In this particular though, the spec explicitly talks about that [0]

> Since software that implements IEEE 754-2008 binary64 (double precision) numbers [IEEE754] is generally available and widely used, good interoperability can be achieved by implementations that expect no more precision or range than these provide...

[0] https://datatracker.ietf.org/doc/html/rfc7159#section-6

Which means that if you are putting 64 bit integers into JSON and require every bit to be used, you are not actually creating a JSON which is compatible with all the consumers. For example, such JSON is not compatible with browser. Here is what my Firefox's JQ console says:

    >> x = '{"id":675127116845989888,"id_str":"675127116845989888"}'
    <- "{\"id\":675127116845989888,\"id_str\":\"675127116845989888\"}"
    >> JSON.parse(x)
    <- Object { id: 675127116845989900, id_str: "675127116845989888" }

 
I'd say that JQ acting the same way as browsers is pretty reasonable, no?
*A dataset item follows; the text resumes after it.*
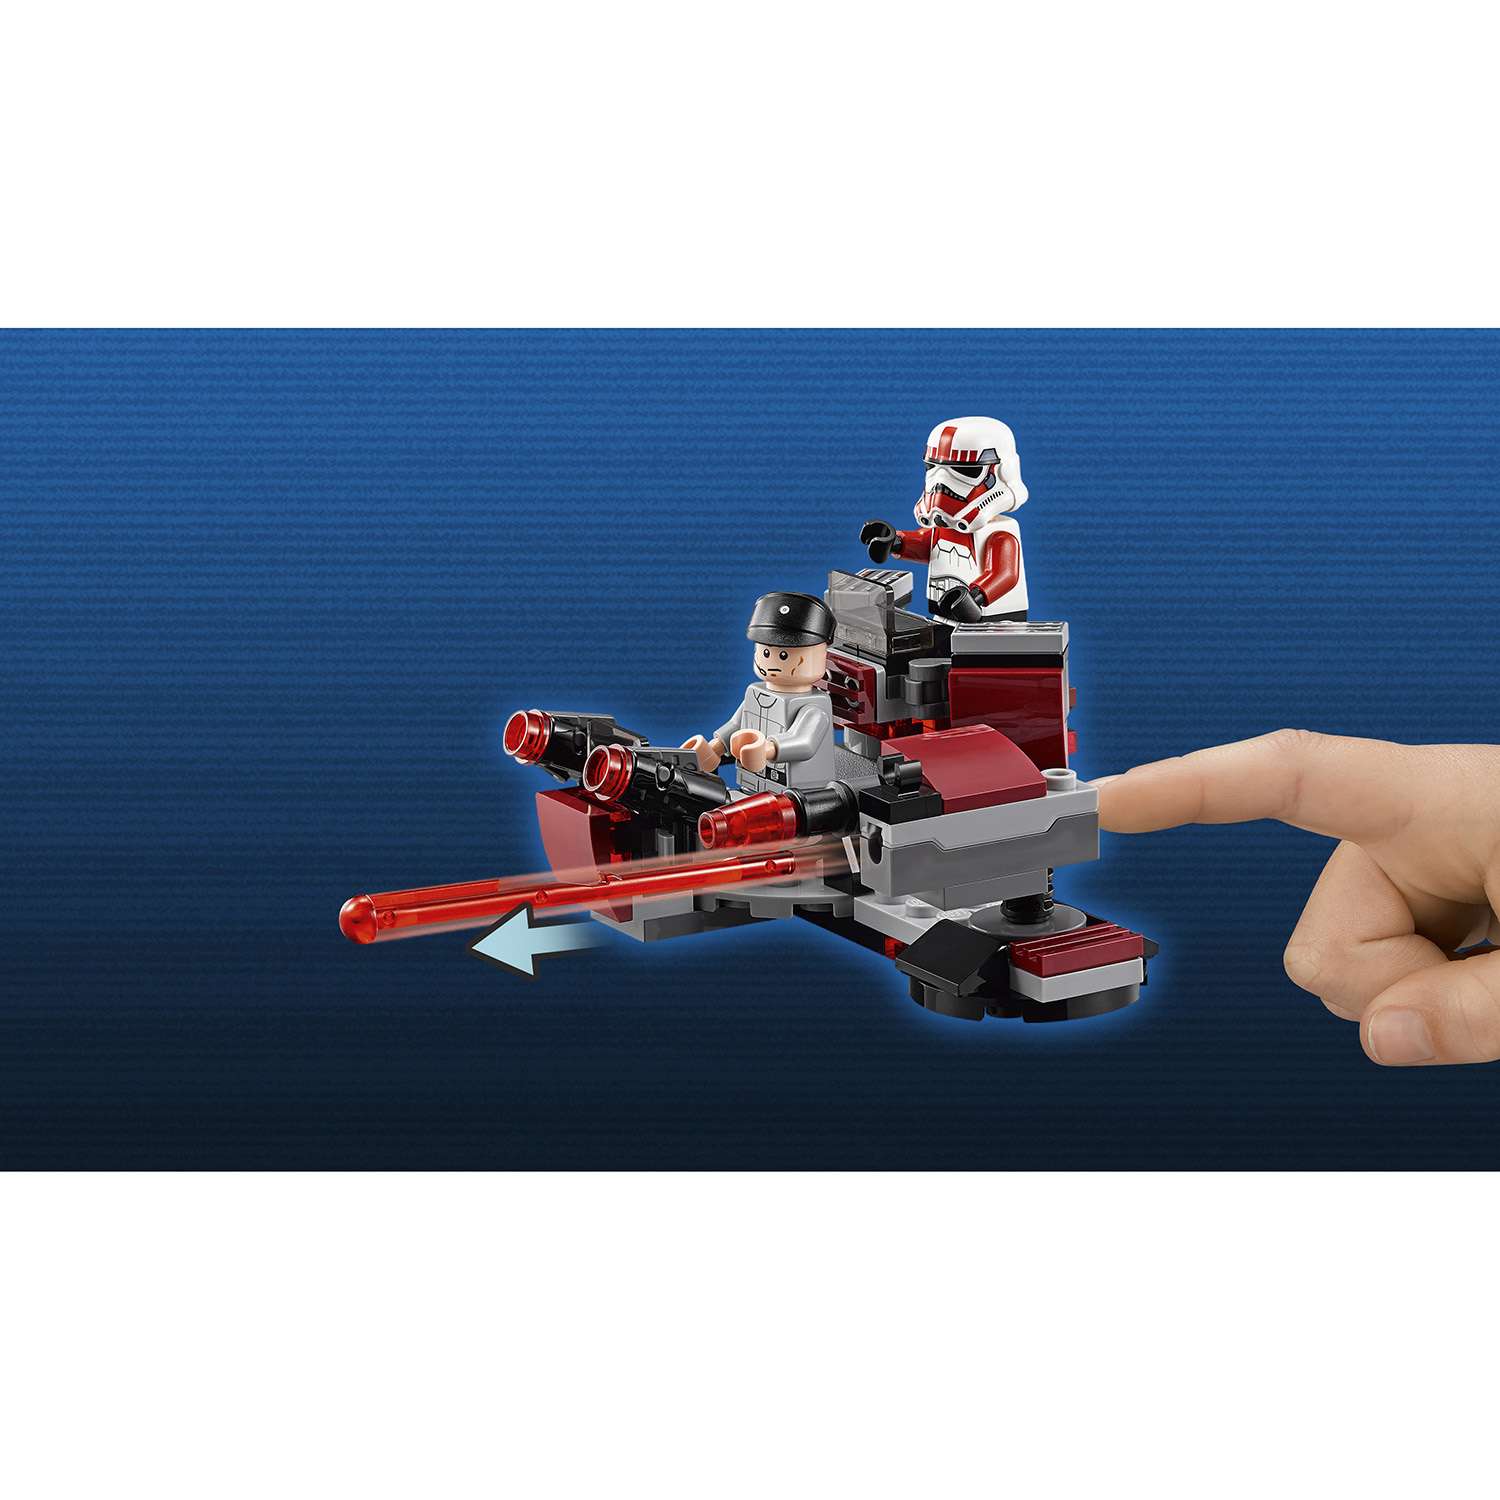 Конструктор LEGO Star Wars TM Боевой набор Галактической Империи™ (75134) - фото 6

Since jq does something completely different from a browser, it would be reasonable for it to try harder in some respects. A tool that is supposed to pass certain data through unchanged... Should not change that data. Even if we can expect that data to eventually be rounded by the eventual consumer at some later time.


Yea. I think so. But, I think people who are stuck in 64 bits forget about 128 bit digit strings being common now.

I am more wrong than right: if you can point to a written spec saying "be not astonished" then POLA doesn't apply. And you did.


That is the problem with JSON. XML worked much better for integers. And if it is typed with XML schema or XPath, XML has an xs:unsignedLong integer type.

I wrote my own command line XPath JSON-query tool and used bigdecimals for JSON numbers. If you do not do much math, bigdecimals are probably even faster than using floats, and much easier to implement. Converting a string to a double float is extraordinary complex. I think it is one of the most difficult tasks in computing.

Unfortunately, now the W3C made a new XPath standard that requires JSON parsers to use double for numbers, so I changed my tool to use doubles as well. Now I am struggling with the string<->float conversion. The conversion in the standard library does not work properly. I just looked at another conversion library. 4000 lines of code, and after a 2 hour investigation, it turns out, it also does not work properly.


For whatever it's worth, on a somewhat-current Linux Mint, with the test from https://github.com/stedolan/jq/issues/1387:

System jq:

    $ jq --version
    jq-1.6
    $ echo '{"number":288230376151711744}' | jq '.number'
    288230376151711740
Fresh compile from source according to the build instructions at https://github.com/stedolan/jq:

    $ ./configure --with-oniguruma=builtin && make -j8
    $ ./jq --version
    jq-1.6-137-gd18b2d0-dirty
    $ echo '{"number":288230376151711744}' | ./jq '.number'
    288230376151711744
Alternatively:

    $ ./configure --with-oniguruma=builtin --enable-decnum=no && make -j8
    $ echo '{"number":288230376151711744}' | ./jq '.number'
    288230376151711740
So the basic bug is fixed, jq has included a bignum library for > 2 years. I don't know if Mint (and thus presumably Ubuntu, and thus possibly Debian) includes an older version of jq or sets nonstandard user-unfriendly flags on purpose, but I'm somewhat underwhelmed in either case.


Ran across this today and spent a good 20 to 25 minutes trying to debug why my own code was failing when it was jq that was rounding an id in the JSON response.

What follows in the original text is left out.